Convex Function

Convex Analysis (Repost)  eBooks & eLearning

Posted by elodar at Sept. 10, 2013
Convex Analysis (Repost)

R. Tyrrell Rockafellar, "Convex Analysis"
English | 1970-02-01 | ISBN: 0691080690 | 472 pages | DJVU | 3.74 mb

Convex Functions and their Applications: A Contemporary Approach [Repost]  eBooks & eLearning

Posted by ChrisRedfield at Jan. 16, 2014
Convex Functions and their Applications: A Contemporary Approach [Repost]

Constantin Niculescu, ‎Lars-Erik Persson - Convex Functions and their Applications: A Contemporary Approach
Published: 2005-12-19 | ISBN: 0387243003 | PDF | 255 pages | 3 MB

Convex analysis  eBooks & eLearning

Posted by insetes at Jan. 31, 2021
Convex analysis

Convex analysis By Ralph Tyrell Rockafellar
1996 | 468 Pages | ISBN: 0691015864 | PDF | 13 MB

Convex Analysis (Princeton Landmarks in Mathematics and Physics) [Repost]  eBooks & eLearning

Posted by Nice_smile) at Sept. 16, 2015
Convex Analysis (Princeton Landmarks in Mathematics and Physics) [Repost]

Convex Analysis (Princeton Landmarks in Mathematics and Physics) by Ralph Tyrell Rockafellar
English | Feb. 21, 1970 | ISBN: 0691080690 | 472 Pages | PDF | 3.58 MB

R. Tyrrell Rockafellar's classic study presents readers with a coherent branch of nonlinear mathematical analysis that is especially suited to the study of optimization problems.

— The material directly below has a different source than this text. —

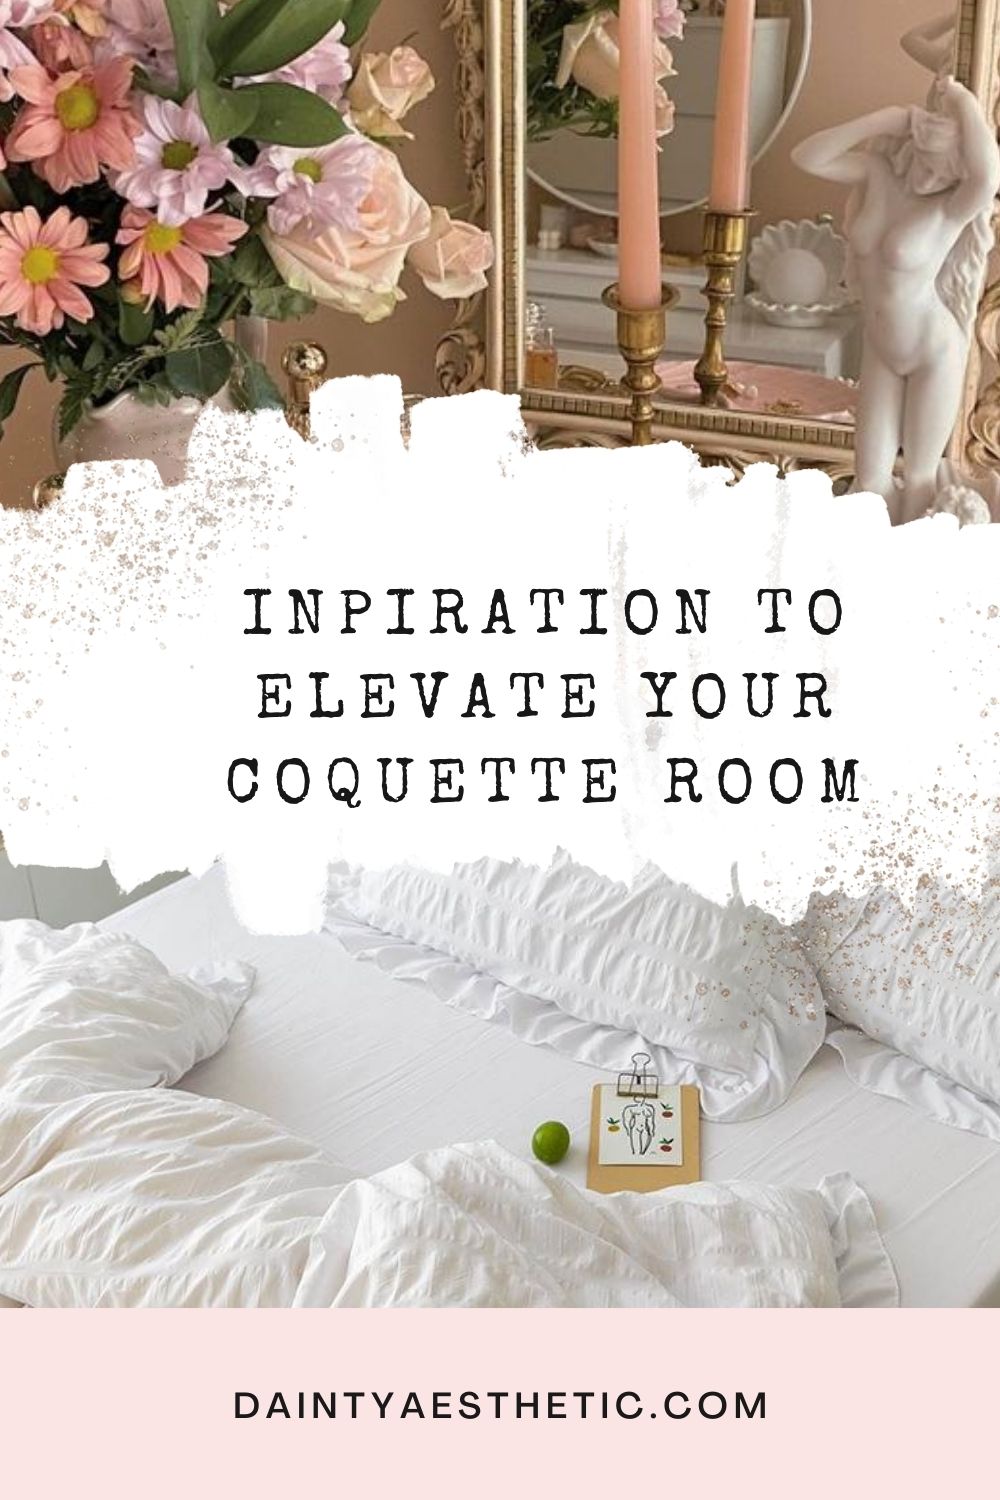 Coquette Room inspiration

Convex Analysis (Repost)  eBooks & eLearning

Posted by step778 at June 5, 2015
Convex Analysis (Repost)

Ralph Tyrell Rockafellar, "Convex Analysis"
1970 | pages: 468 | ISBN: 0691080690 | DJVU | 2,7 mb

Convex Functions and Their Applications: A Contemporary Approach, Second Edition  eBooks & eLearning

Posted by AvaxGenius at June 9, 2018
Convex Functions and Their Applications: A Contemporary Approach, Second Edition

Convex Functions and Their Applications: A Contemporary Approach, Second Edition by Constantin P. Niculescu
English | PDF,EPUB | 2018 | 430 Pages | ISBN : 331978336X | 13.25 MB

This second edition provides a thorough introduction to contemporary convex function theory with many new results. A large variety of subjects are covered, from the one real variable case to some of the most advanced topics. The new edition includes considerably more material emphasizing the rich applicability of convex analysis to concrete examples. Chapters 4, 5, and 6 are entirely new, covering important topics such as the Hardy-Littlewood-Pólya-Schur theory of majorization, matrix convexity, and the Legendre-Fenchel-Moreau duality theory.
Convex Variational Problems: Linear, Nearly Linear and Anisotropic Growth Conditions (Repost)

Convex Variational Problems: Linear, Nearly Linear and Anisotropic Growth Conditions by Michael Bildhauer
English | PDF | 2003 | 220 Pages | ISBN : 3540402985 | 2.7 MB

The author emphasizes a non-uniform ellipticity condition as the main approach to regularity theory for solutions of convex variational problems with different types of non-standard growth conditions.

Convex Functions and Their Applications (3rd Edition)  eBooks & eLearning

Posted by hill0 at March 20, 2025
Convex Functions and Their Applications (3rd Edition)

Convex Functions and Their Applications: A Contemporary Approach
English | 2025 | ISBN: 3031719662 | 418 Pages | PDF | 6 MB

Abstract convexity and global optimization  eBooks & eLearning

Posted by insetes at Nov. 25, 2018
Abstract convexity and global optimization

Abstract convexity and global optimization By Alexander Rubinov (auth.)
2000 | 493 Pages | ISBN: 1441948317 | DJVU | 4 MB

Abstract Convexity and Global Optimization  eBooks & eLearning

Posted by AvaxGenius at March 23, 2022
Abstract Convexity and Global Optimization

Abstract Convexity and Global Optimization by Alexander Rubinov
English | PDF | 2000 | 506 Pages | ISBN : 079236323X | 38.1 MB

Special tools are required for examining and solving optimization problems. The main tools in the study of local optimization are classical calculus and its modern generalizions which form nonsmooth analysis. The gradient and various kinds of generalized derivatives allow us to ac­ complish a local approximation of a given function in a neighbourhood of a given point. This kind of approximation is very useful in the study of local extrema.